COMPARATIVE EFFECTIVENESS OF ARTIFICIAL INTELLIGENCE AND MACHINE LEARNING METHODS VERSUS TRADITIONAL DISPROPORTIONALITY ANALYSIS FOR ADVERSE DRUG REACTION SIGNAL DETECTION: A SYSTEMATIC REVIEW

Author(s)

Emeka E. Duru, BPharm1, Lotanna Ezeja, BPharm2, Azeez B. Aina, BPharm3, Fortune E. Olakunle, BPharm4;
1University of Utah, Salt Lake City, UT, USA, 2Auburn University, Harrison School of Pharmacy, Auburn, AL, USA, 3Purdue University, Indianapolis, IN, USA, 4Swipha Pharma Nig, Lagos, Nigeria
OBJECTIVES: Post-marketing pharmacovigilance relies on statistical signal detection methods to identify potential adverse drug reactions (ADRs) in spontaneous reporting systems (SRS). While traditional disproportionality methods (proportional reporting ratio [PRR], reporting odds ratio [ROR], Bayesian Confidence Propagation Neural Network [BCPNN], Empirical Bayes Geometric Mean [EBGM]) remain standard practice, artificial intelligence (AI) and machine learning (ML) approaches have emerged as potential alternatives.
This systematic review aimed to compare the predictive performance of AI/ML methods versus traditional disproportionality analysis for safety signal detection in SRS databases
METHODS: A comprehensive literature search was conducted across PubMed, Embase, and Web of Science from database inception through December 2025. Studies were included if they applied AI/ML algorithms to SRS data, compared ML performance against traditional disproportionality methods, reported quantitative performance metrics, and used validated reference standards. Systematic screening was conducted using Distiller SR with pre-specified PICO criteria. Standardized extraction captured study characteristics, ML algorithms, traditional comparators, and performance metrics.
RESULTS: 12 studies met inclusion criteria, representing 4.1-65 million reports across FAERS (n=7), KAERS (n=2), KIDS-KD (n=1), French national database (n=1), and simulated data (n=1). ML approaches included gradient boosting (n=5), random forests (n=6), deep reinforcement learning (n=1), neural embeddings (n=1), and XGBoost (n=2). Nine studies (75%) demonstrated ML superiority over traditional methods. ML sensitivity ranged 43-100% versus traditional 18-75%; ML AUROC (0.52-1.0 vs 0.46-0.69).
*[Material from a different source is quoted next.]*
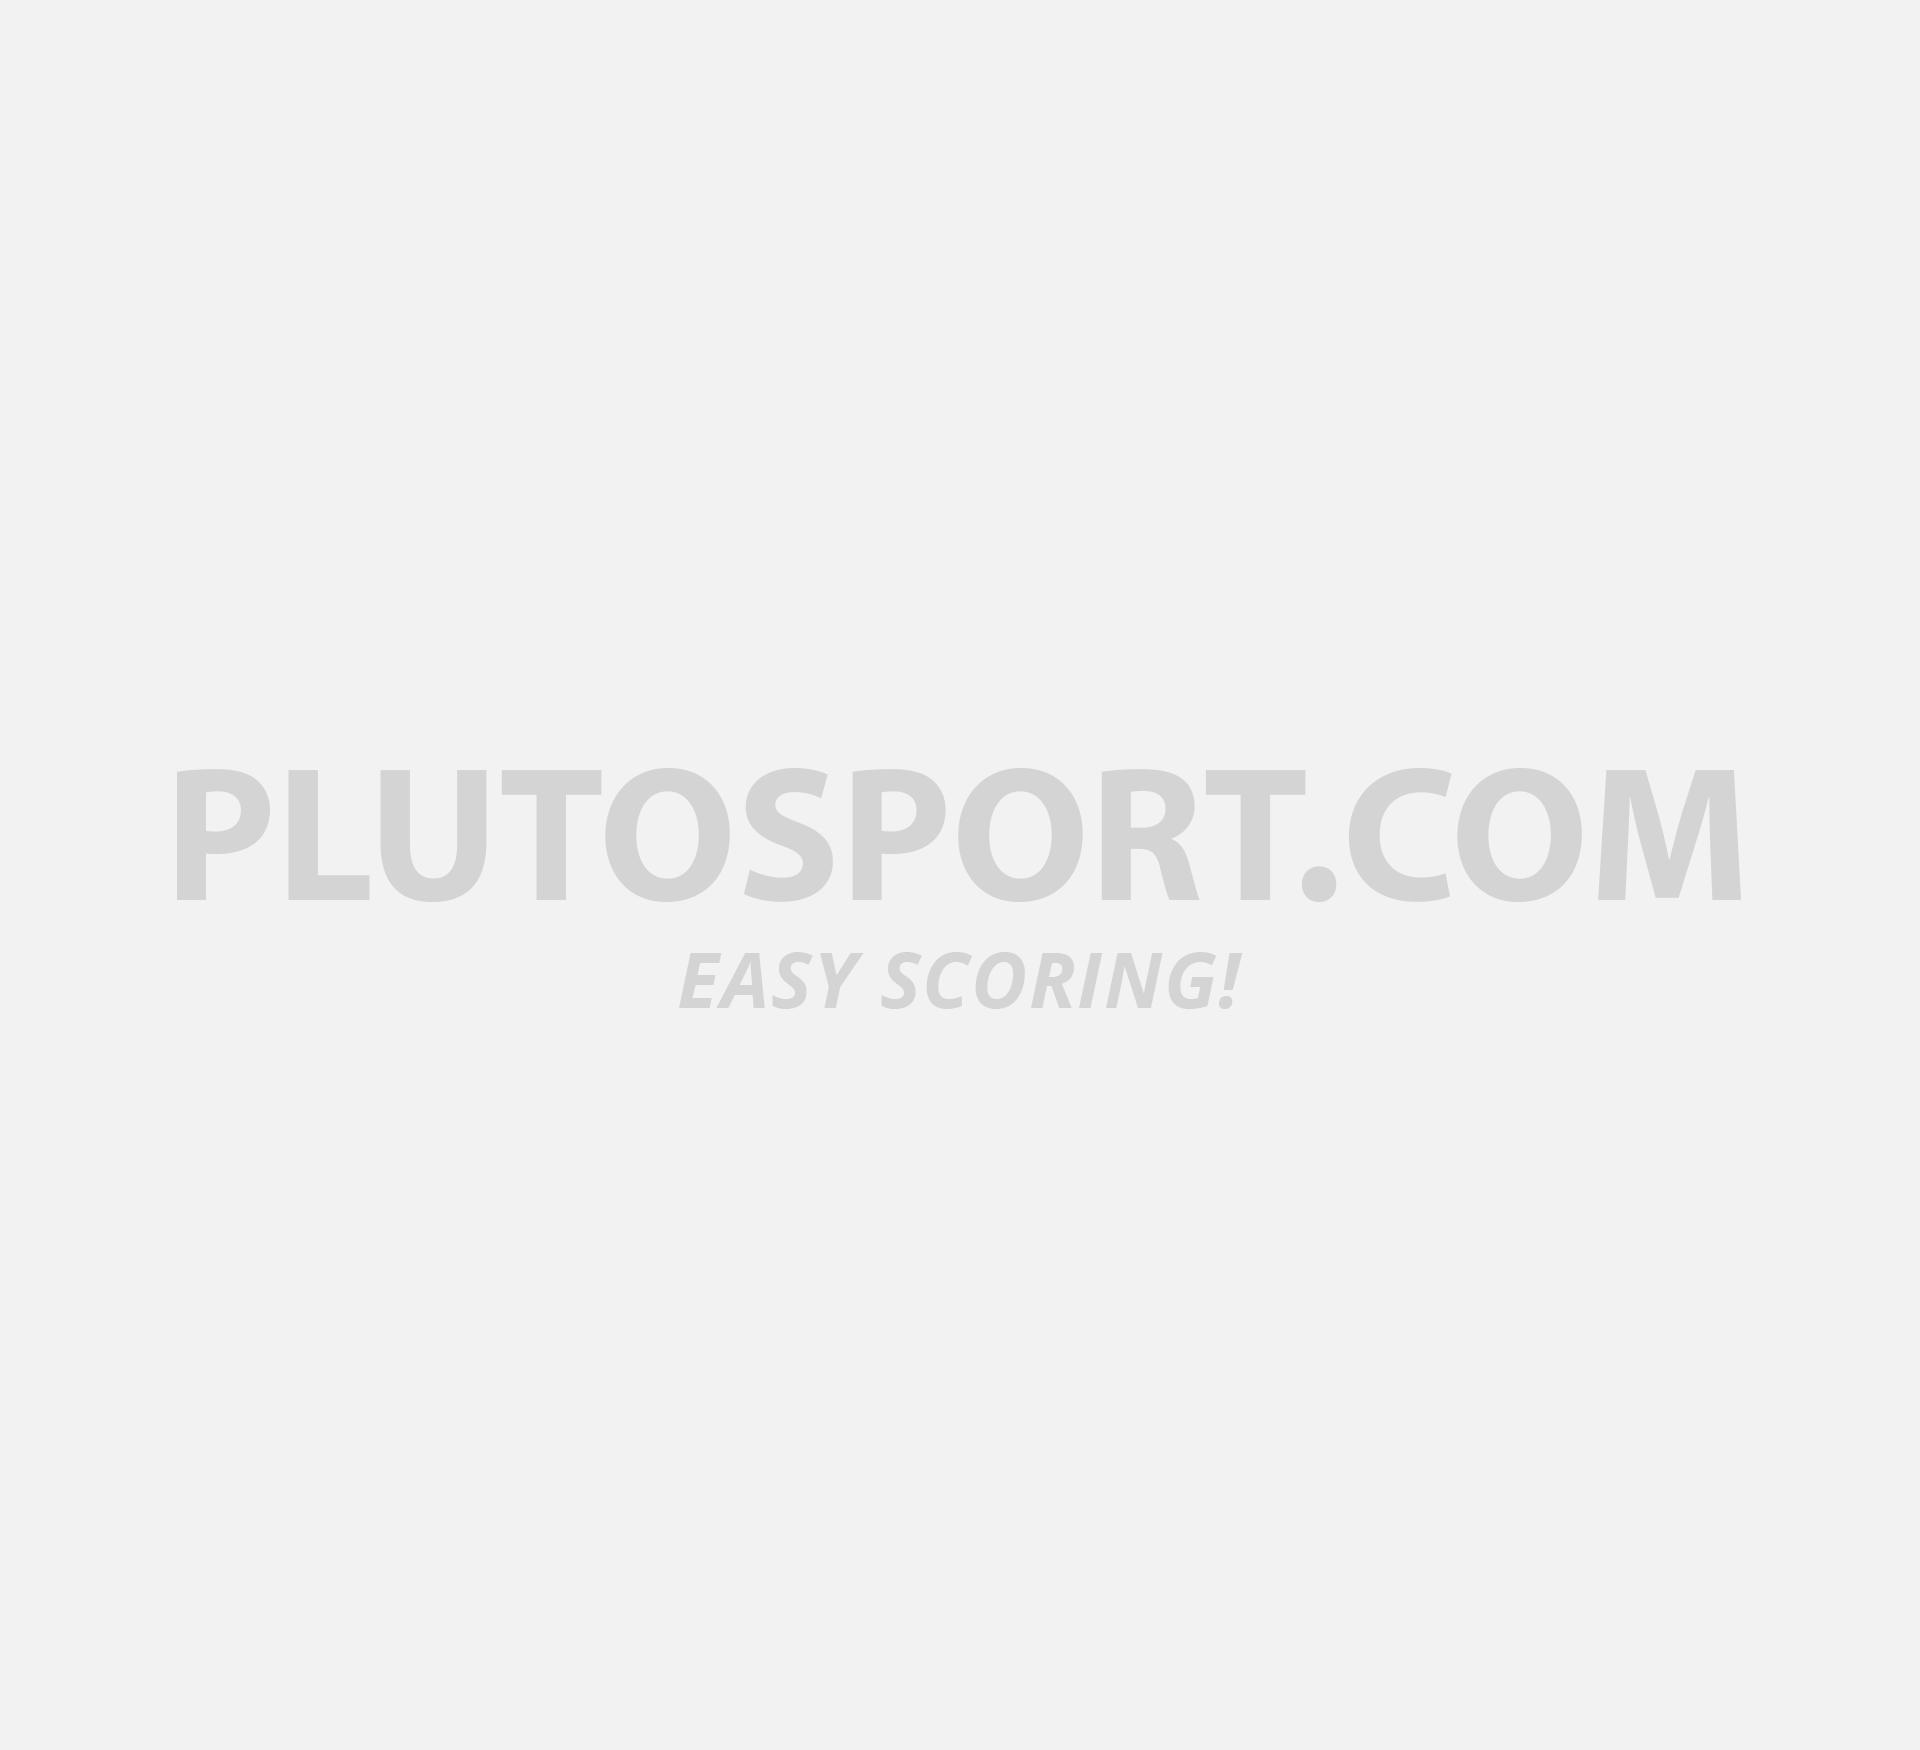 51ed53f5270 Adidas Firebird Trainingsjack - Sweatjackets - Sweaters - Clothing -  Lifestyle - Sports | Plutosport

Best- performing approaches: gradient boosting machine (AUROC 0.97 vs. 0.55 for traditional), deep Q-network (+26% overall accuracy versus traditional), gradient boosting (4/5 adverse events detected in first year versus zero for traditional), neural embeddings (+14% AUROC improvement). Two studies found Bayesian methods or propensity score approaches comparable/superior due to data characteristics. Feature engineering beyond disproportionality enhanced ML performance. ML excelled at rare event/early detection.
CONCLUSIONS: AI/ML methods generally outperform traditional disproportionality analysis for safety signal detection, with advantages in sensitivity, early detection, and rare event identification.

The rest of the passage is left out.